Figure 1.

Detection of four BH-labeled normal deoxynucleotides (C: dCMP at 503.144, T: TMP at 518.144, A: dAMP at 527.155, G: dGMP at 543.151) and five BH-labeled DNA adducts (1,N⁶-etheno-dAMP at 551.156, 8-oxo-dGMP at 559.146, N²-ethyl-dGMP at 571.182, BP-A at 829.248, and BP-G at 845.245), along with an internal standard (N²-ethyl-d4-dGMP at 575.209) by MALDI-TOF-MS. A sample volume of 0.5 μL containing 50 fmol each of these compounds, that was also 0.5 mg/mL in α-cyano-4-hydroxycinnamic acid (CCA matrix) in 50% in acetonitrile, was deposited manually onto a stainless steel plate (AB SCIEX V70066), and the spectrum was summed from 50 laser pulses on a MALDI-TOF-MS (AB SCIEX Voyager DE STR) in the reflectron mode.
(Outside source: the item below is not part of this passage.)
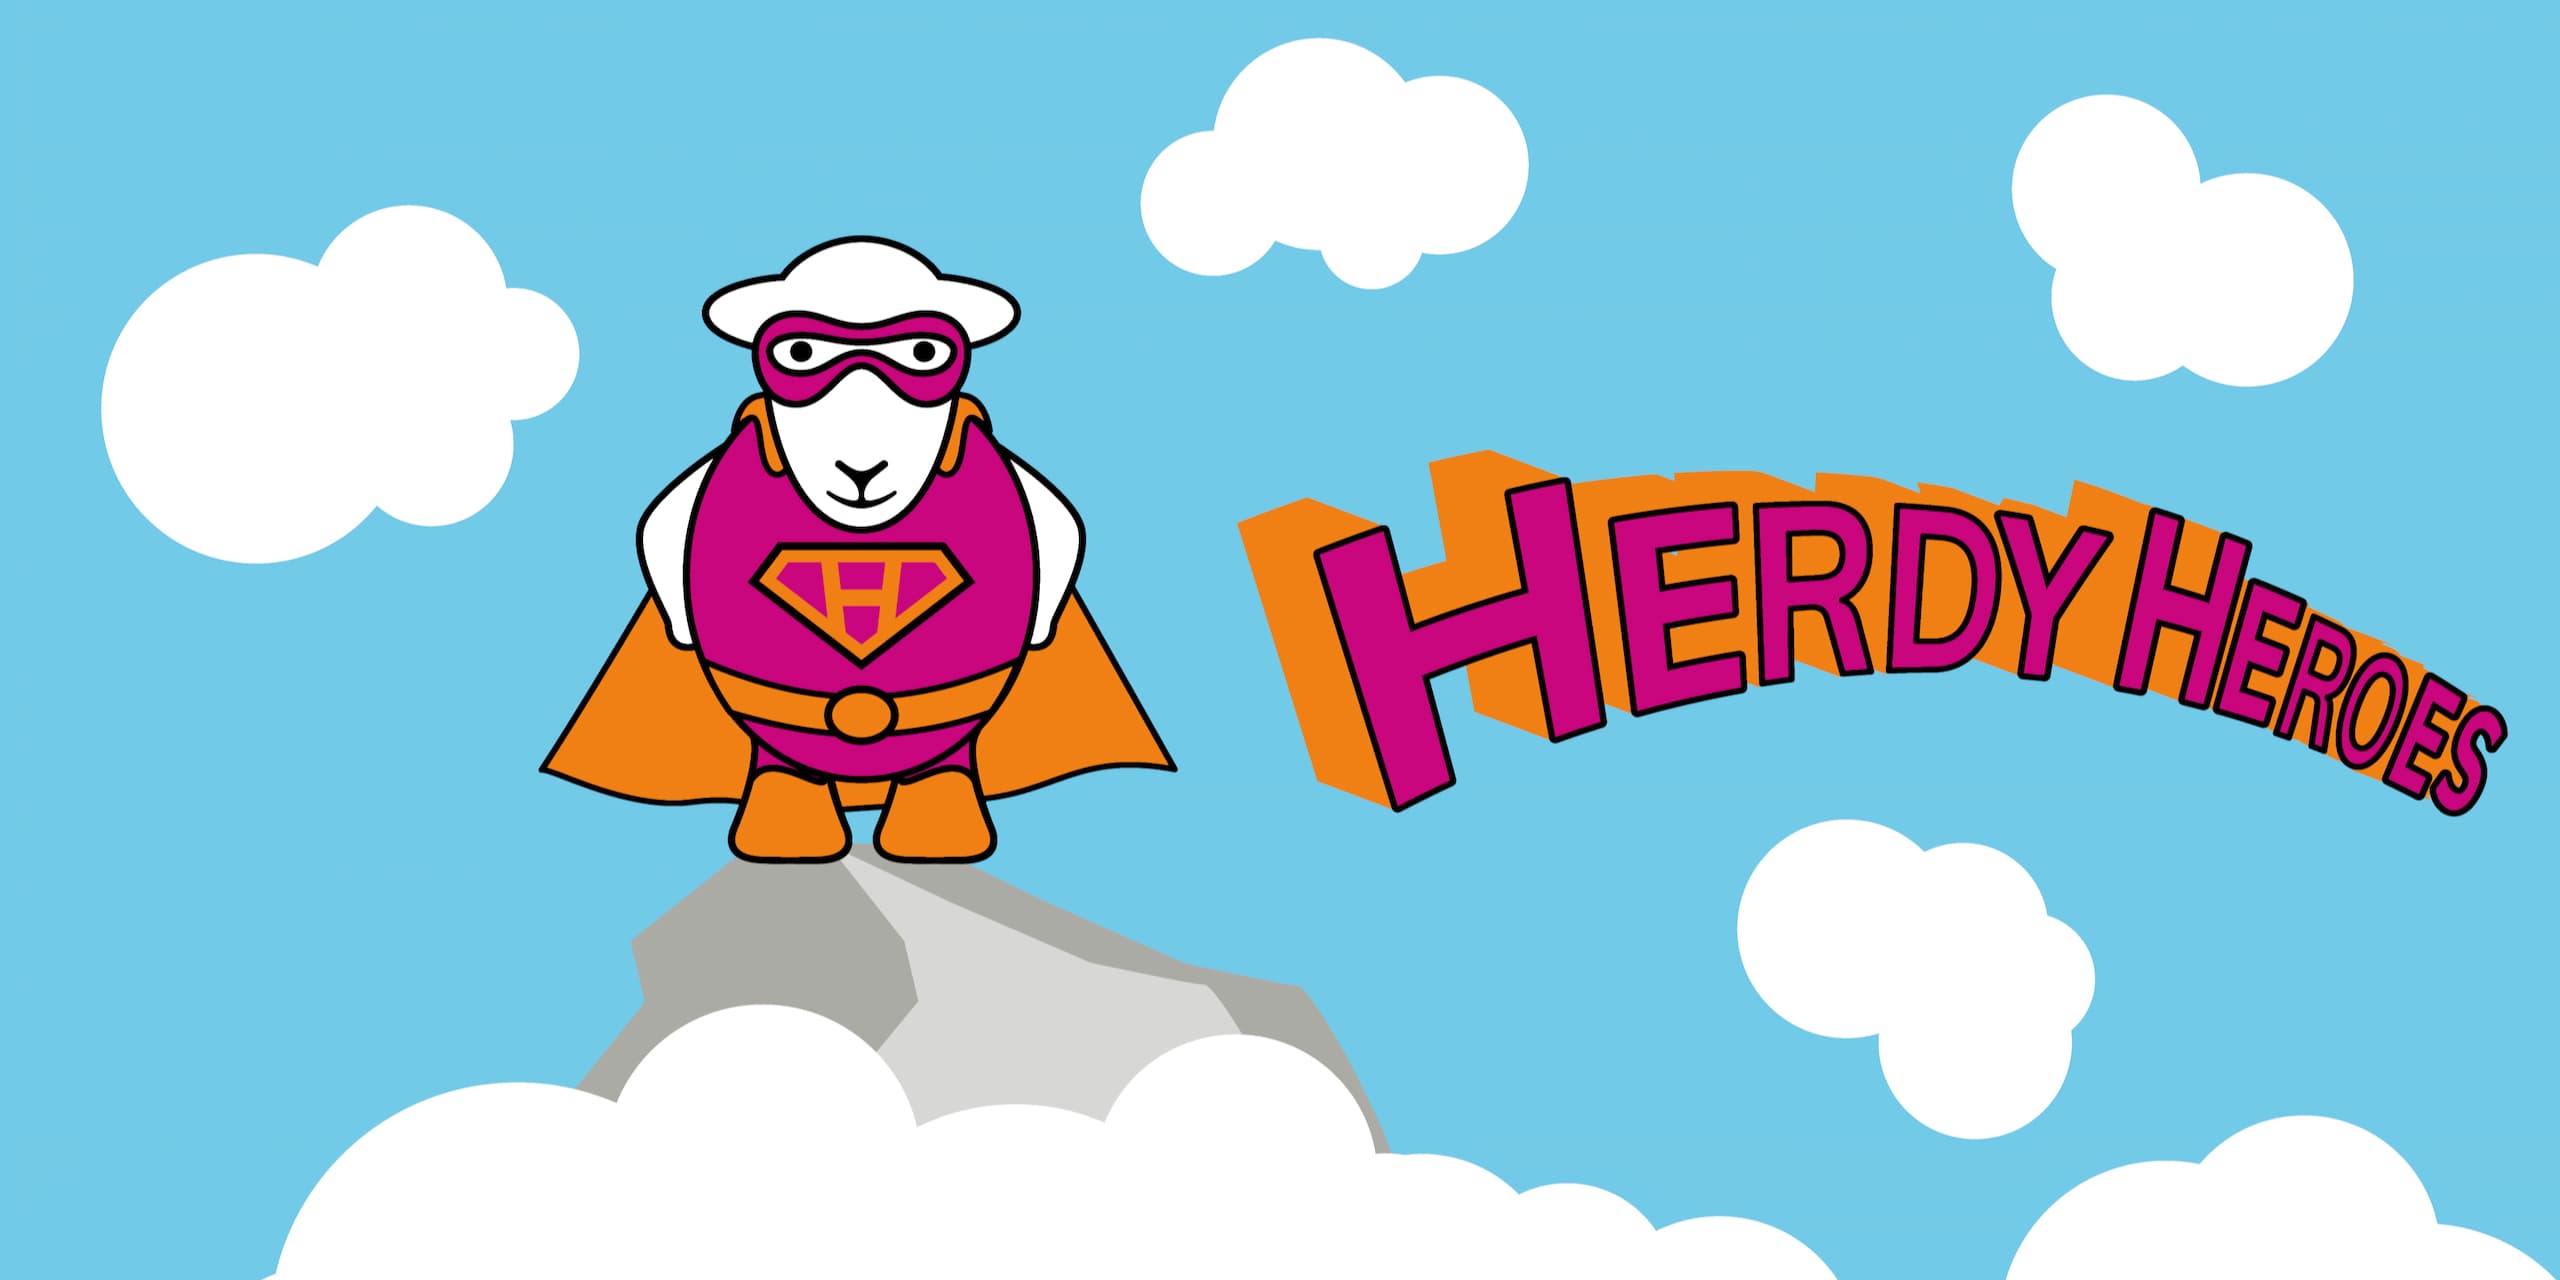 Herdy launches weekly "Herdy Heroes" campaign

BH, benzoylhistamine; dN (the deoxynucleoside part of a normal DNA mononucleotide); dN(X), a DNA adduct; BP-A, benzo[a]pyrene diolepoxide adduct of dAMP; BP-G, benzo[a]pyrene diolepoxide adduct of dGMP. The observed masses matched the exact masses exactly except for A (exact mass 527.156), ethyl-G-d4 (527.207), and BP-A (829.250). Internal calibration was done: the peaks for C, BP-G, and etheno-A were employed, but their masses were allowed to vary in the calculation.